Love, obsession, liking; it must have all started long back, perhaps in those days when music and Vividh Bharti were synonymous. My journey with music has been long, from those nights of ‘Pryajoit Karyakram’ on Vividh Bharti to this vast ocean of musical riches Internet. I progressed through the times of a single speaker tape recorder as a kid to a those of a two-in-one in my early teens. The Videocon walkman that I possessed as a college teenager consolidated this association and though I didn’t have that sort of a personal relationship with the big Kenwood music system back home, I share fond memories of preparing for GATE while listening to it. Those were the building blocks of my musical journey that blossomed with me finally getting a comp. And here I am now, sitting in States, far from the sounds of my country.

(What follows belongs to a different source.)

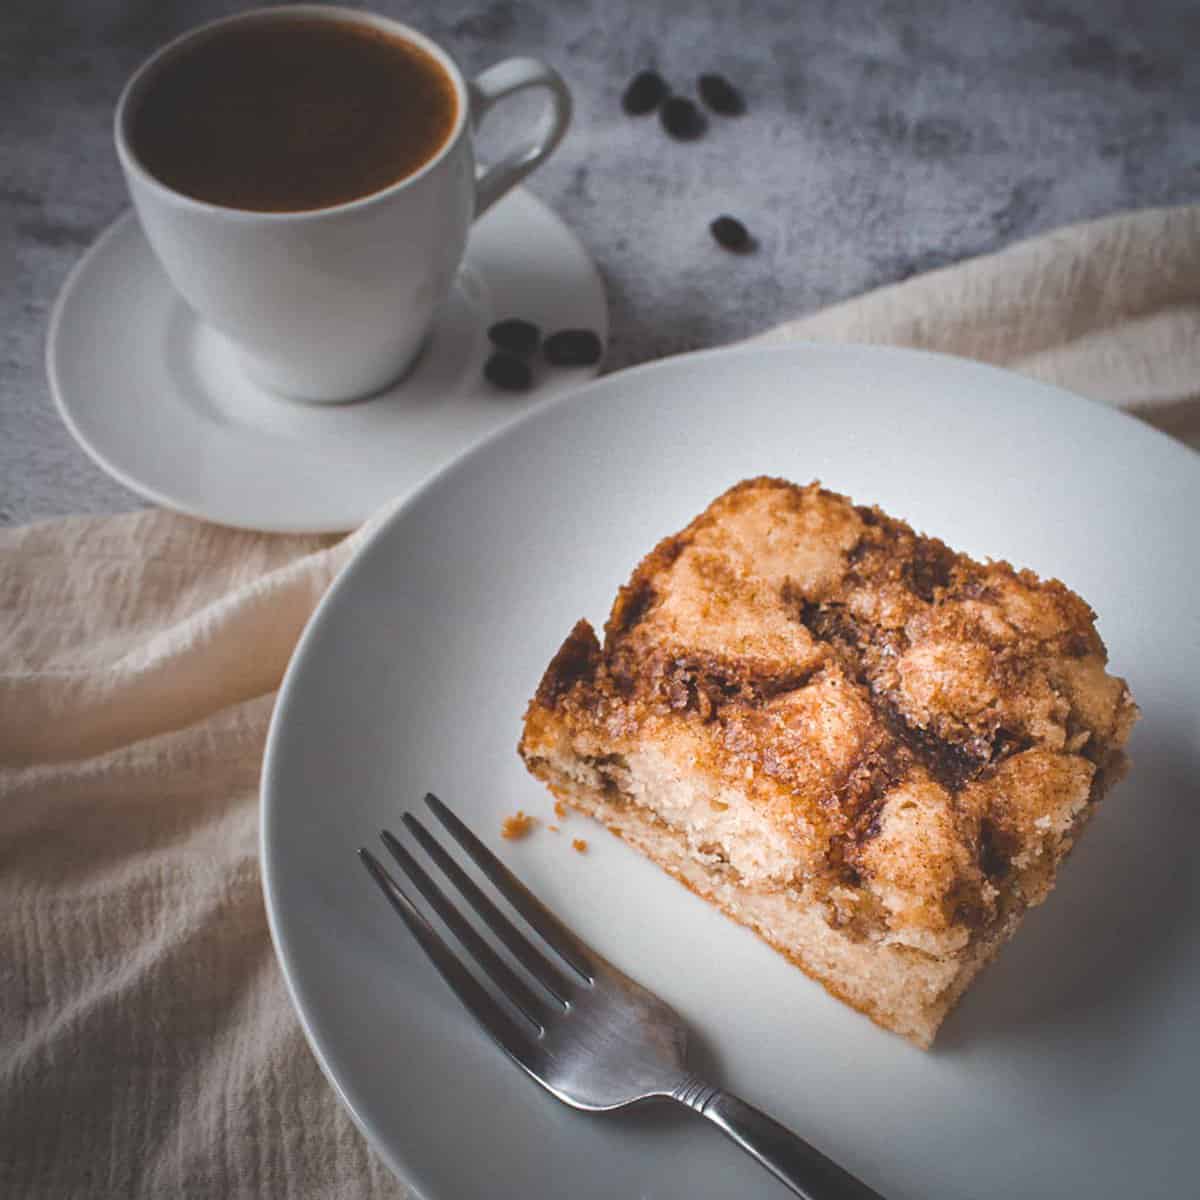 a slice of coffee cake on a plate with a fork and a cup of coffee on the side
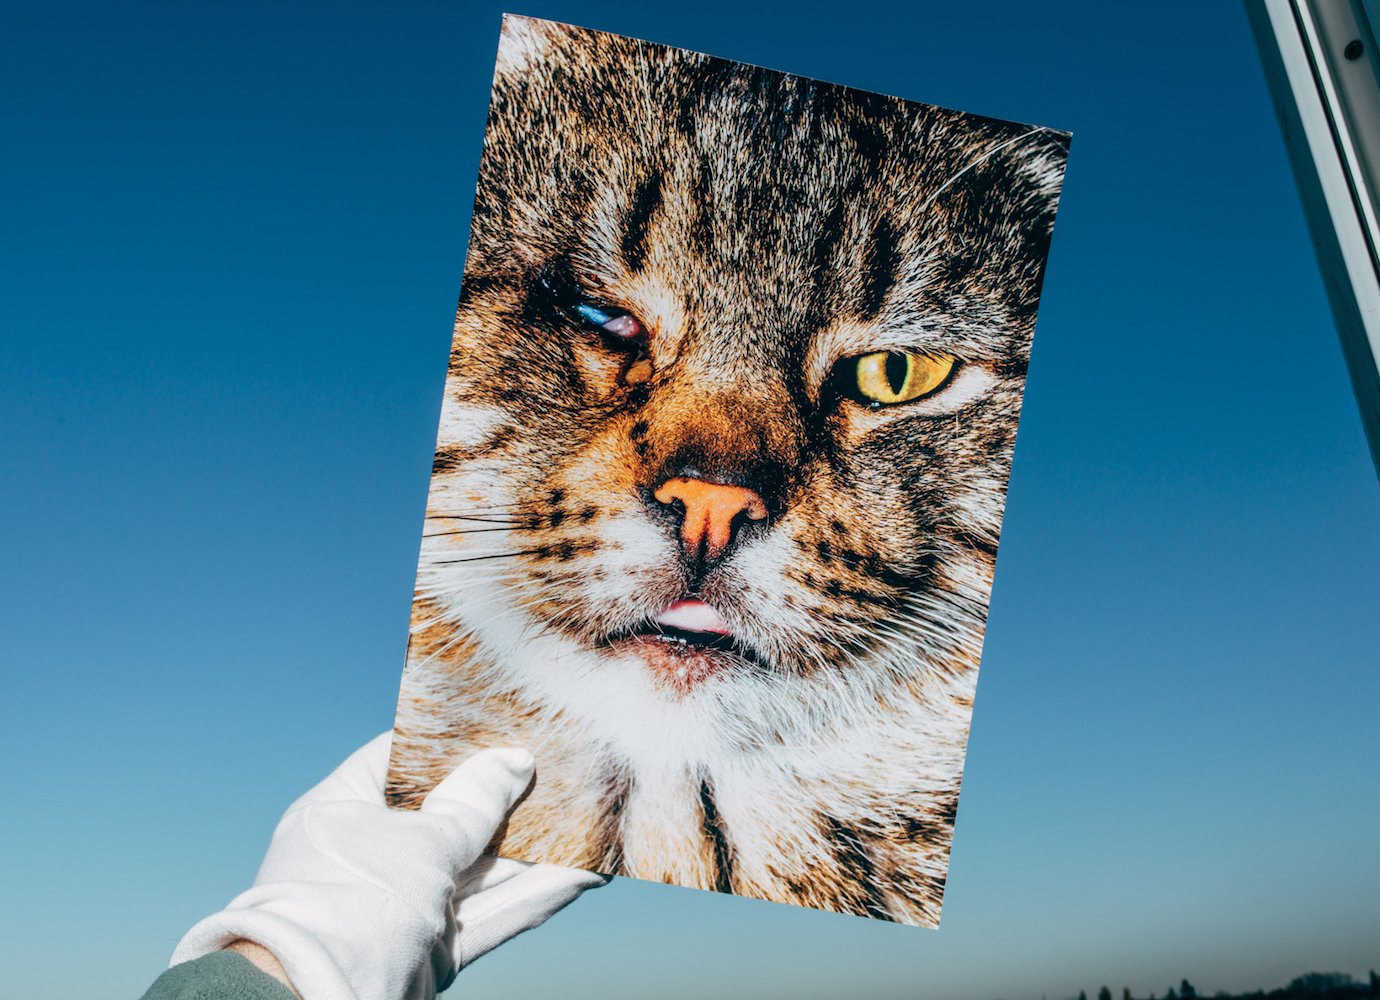 This zine shows the struggles of street cats by turning strays into cover stars

I don’t have any great liking for America, nor do I have any dislikes. I think for most times, my times in America have passed though the motions. However, immersed between studies and a up-and-down personal life, one aspect of me that progressed was my likeness for music. I say likeness and not understanding, because honestly I cant claim to know music. But I do know how to like it, how to feel it. It was not a conscious effort to widen my musical sensibilities, but it did happen. Faster internet connection, access to a vast resource of music at the public library, interaction with music enthusiasts sharing similar tastes; in those aspects America did more for me than I expected.
Often, my friends have dismissed certain music on grounds that it is from a certain region, in a certain language or created/sung by a certain individual; and often I have wondered, is music of a country, for a particular set of people or classified as so-and-so.
On many of my experiences with music, I have realized that I am crying, tears running down my cheeks, and I wonder why is that. In Sufism, the great masters talk about the heightened divine experience achieved on the magical powers of the music. Divine is a subjective term, loosely defined. I wonder what is divine, but isn’t it divine that while listening to ‘My Sweet Lord’ by George Harrison, I feel elevated, I feel connected to the ones I love and I feel happy about the fact that I have experienced the feeling of love. Isn’t it magic that I listen to Tinariwen or Boubacar Traore and my tears start to roll even though I have no clue what meaning the words carry. A certain Korean song, I don’t even know what it is called, makes me excited and nostalgic about the childhood that’s now left only in the old photographs. I listen to Celtic folks and I feel the Violin strings cutting my heart like a knife, a pain that only music is able to create. I see Goddess Saraswati blessing Abida Parveen as she sings of eternal love of god and I visualize Mirabai singing to Lord Krishna as Nusrat Fateh Ali Khan sings “Sanson ki mala mein simaroon main pee ka naam”. It doesn’t matter to me if it’s the Swedish band Opeth singing melodic death metal or Moody Blues crooning one of their poetry soaked silken ballad, for they all stir my soul by the sheer brilliance of their music.
In times such as these, I realize that music transcends all boundaries, all limits; no religion, no language can lay claim to it, its for all and its omnipresent just like god is. Music is a blessing for the humanity to cherish and its marvels are for all to reap and its sin to dismiss based on these attributes the divine blessing that’s music.